The Burden by Z

(image by Jana Curcio)
Years ago, I had a conversation with two white women about the daily burden of being nonwhite in a world of whiteness. My ultimate point was we cannot understand because there is nothing like it in our white reality. We can empathize but the visceral aspect will always remain beyond our comprehension. It is a daily struggle that we as white people will never understand.
This conversation has stayed with me, and I continue to speak with these two well-meaning white women in my head.
I say: A nonwhite person can never be perceived as anything else. They cannot get away from it. It weighs down on one and affects them every time they leave their home. It colors their interactions and makes them question if race was involved in a negative interaction. Of course it was involved. A person cannot get beyond what they see!

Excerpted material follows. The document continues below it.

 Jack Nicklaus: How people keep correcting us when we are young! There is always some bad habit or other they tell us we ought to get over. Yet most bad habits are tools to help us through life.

Over the years I have watched how this white lack of understanding has played out in countless scenarios with people who are trying to help but actually finding excuses for the encounters. They look for those PLE (perfectly logical explanations) for the racist behavior. For me, actively listening and giving space to the person who is trying to work through the messy questions of a negative interaction is more supportive.
Being the white mother of nonwhite children, I have seen the pain of dealing with racism. I know that I can never understand the internal hurt that my children feel, but I can be there to listen and comfort.

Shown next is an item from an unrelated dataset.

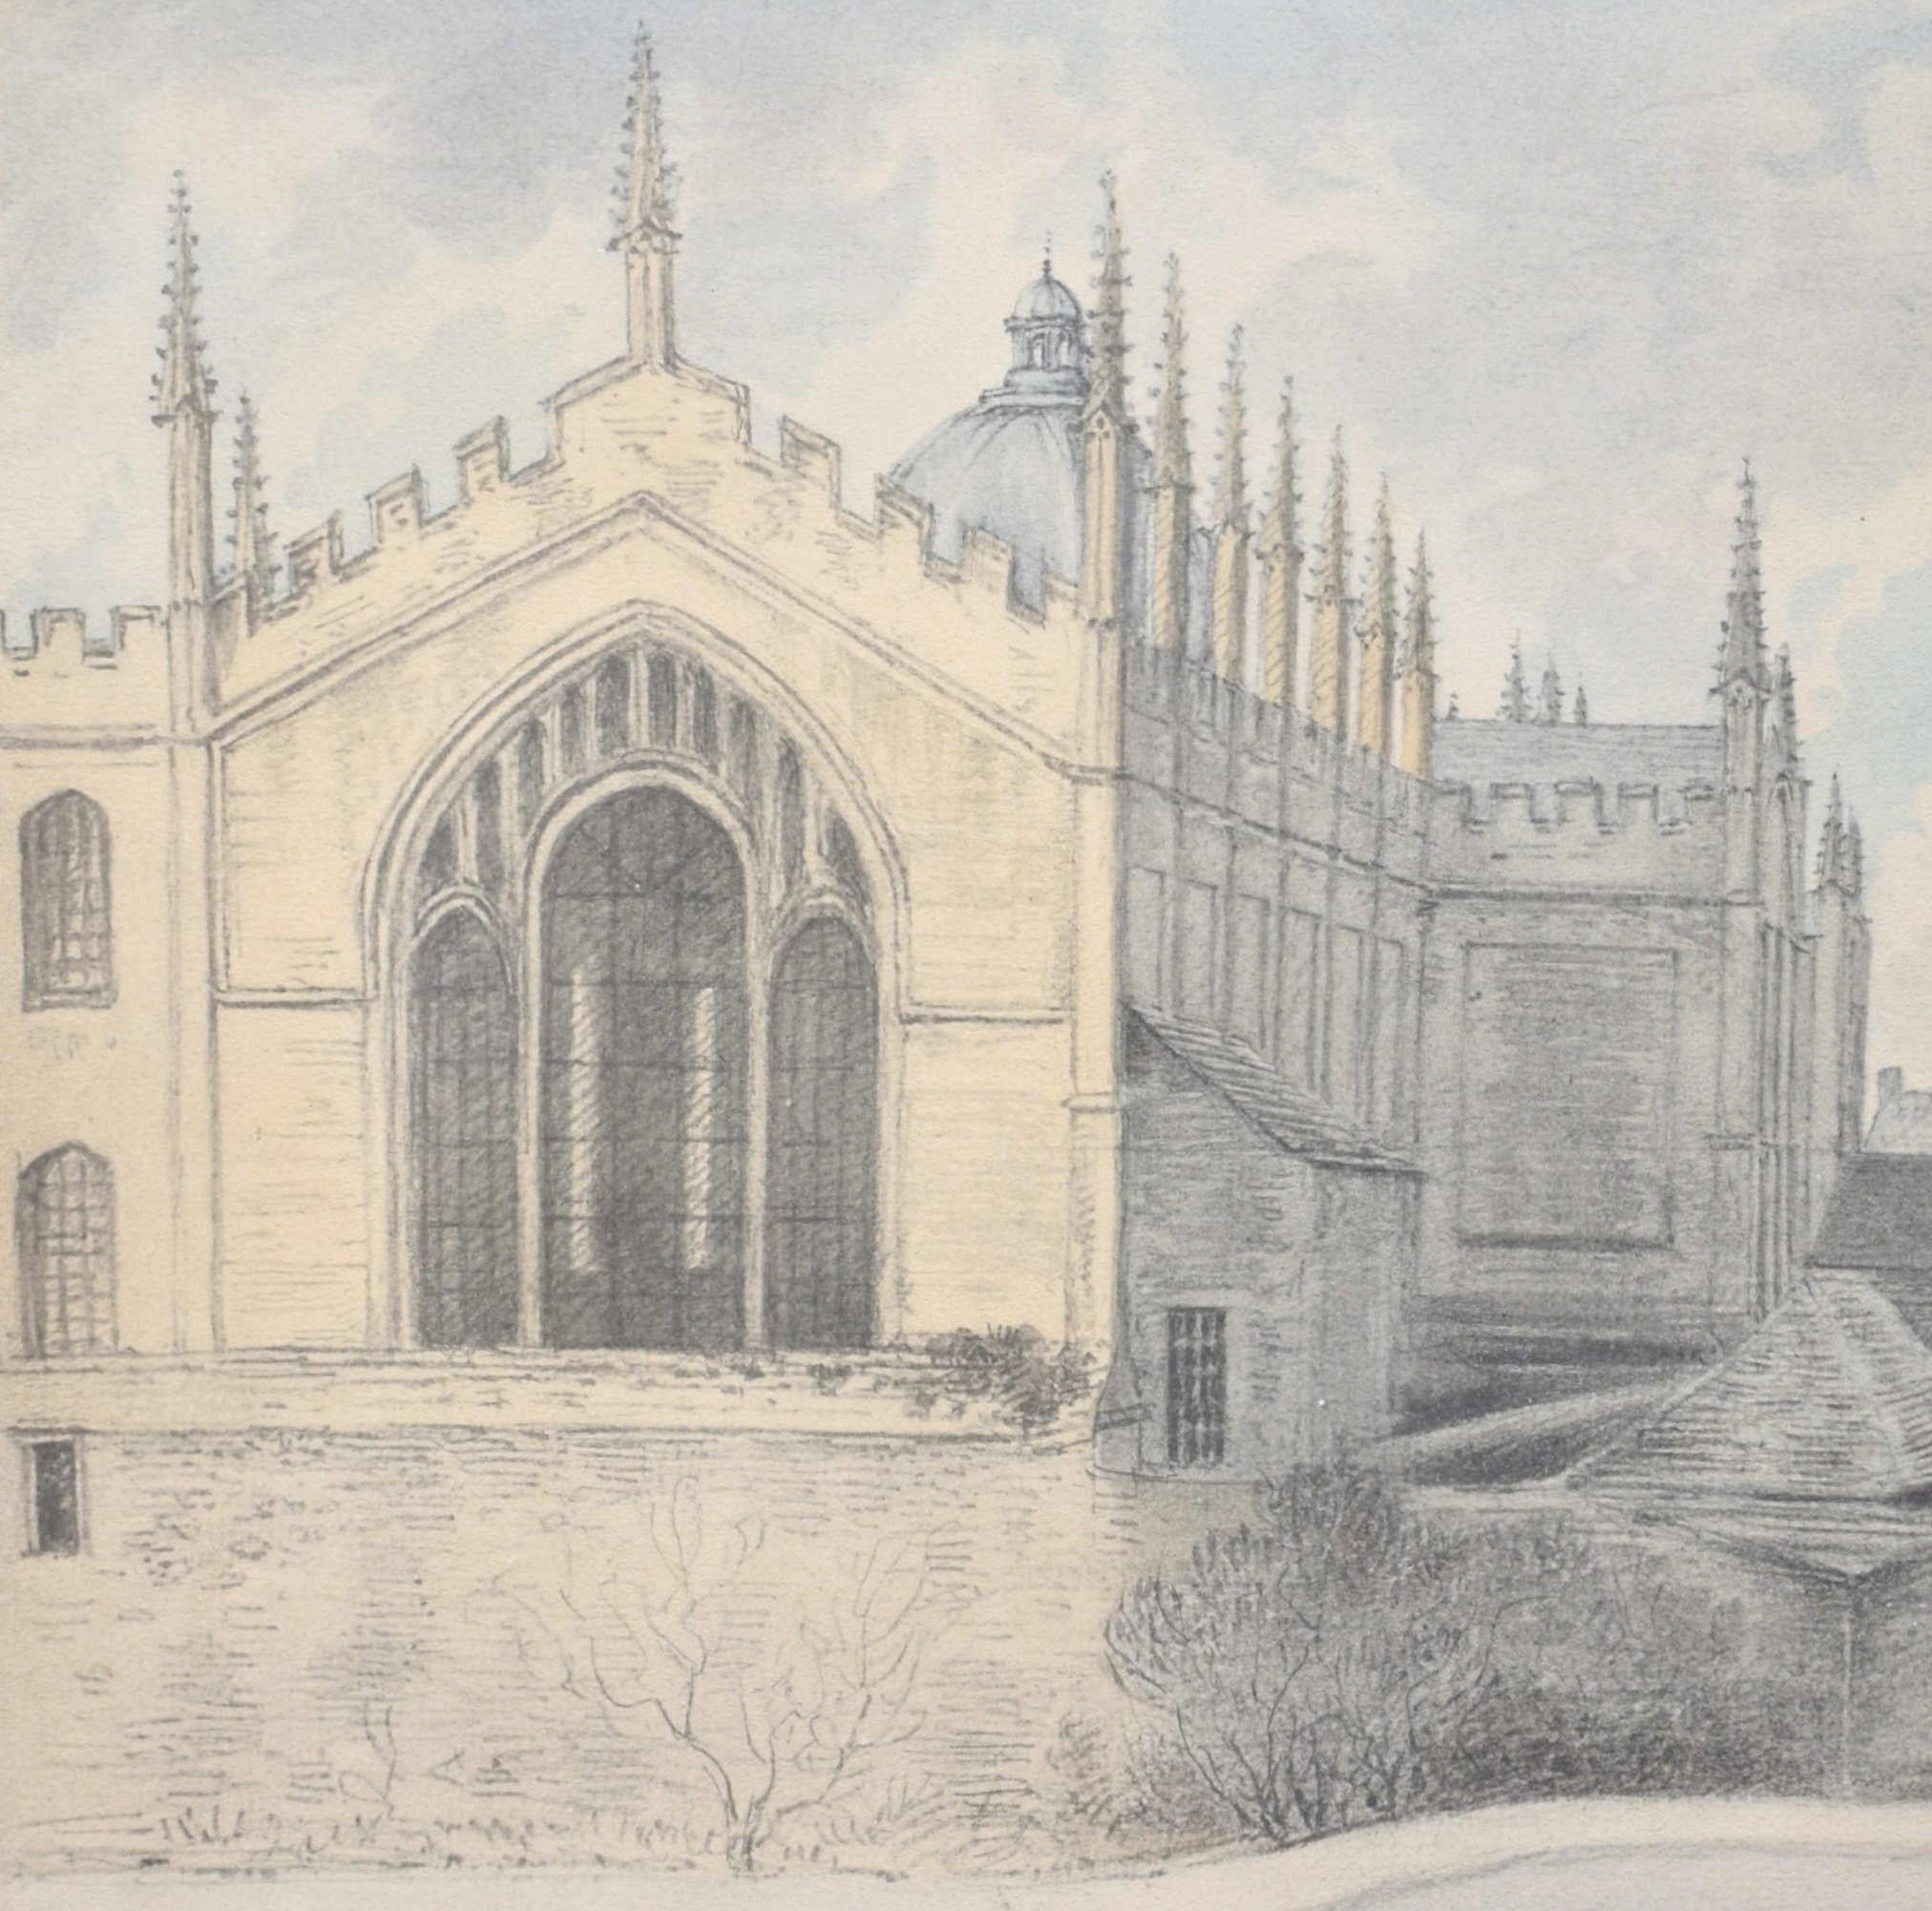 New College, View from the Master's Lodgings lithograph by John Malchair - Print by John Baptist Malchair

For my own internalized racism, I have to work with it. I have to see how it comes out in me. Here are a few things I do.
- If I am in a situation where I need help and I can choose who will help me, I try to go against what is my internalized conditioning and challenge myself.
- If I see a group of young Latinos walking down my street, I try to imagine them as our future leaders.
- I try to speak Spanish to white people, so we know that there are other ways of communicating.
Challenging my own thinking in regard to how I see people and what I tell myself about them goes a long way as I try to undo the racism within myself.
PS: My use of the term non-white comes from Robert Jensen and his writings. https://robertwjensen.org
I hope his analysis will help clarify my usage of non-white.
“But politically, white is not just white, of course. White is power. And using the terms white/non-white reminds us of that. What do people of color have in common? That is, what makes the category “people of color” make sense? The only commonality is that the people in that category are on the subordinated side of white supremacy. Nothing intrinsically links people of indigenous, African, Latino, and Asian descent in the United States except their common experience of being targeted, abused, and victimized-albeit in different ways at different times-by a white-supremacist society. Take that experience away, and the category of “people of color” vanishes. The people, of course, don’t vanish, nor does their color change. But nothing links them except the experience of oppression. And the group perpetrating that oppression is white, another socially created category defined by power.
So, I want to put “white” at the center, but not in the sense of valorizing it or claiming it as a norm. Just the opposite. I want to frame the issue as white and non-white to highlight the depravity of white supremacy and identify it as the target. In this sense, I think white/non-white more clearly marks the political nature of the struggle whereas “people of color” for many tends to shift the focus from white supremacy to the varied cultures of those non-white people. Again, in many situations that shift is important, as white people learn more about other cultures and, we hope, understand both the unique contributions that various cultures make and the way in which all cultures share certain common qualities and values. Such understanding can contribute to the breakdown of white supremacy.”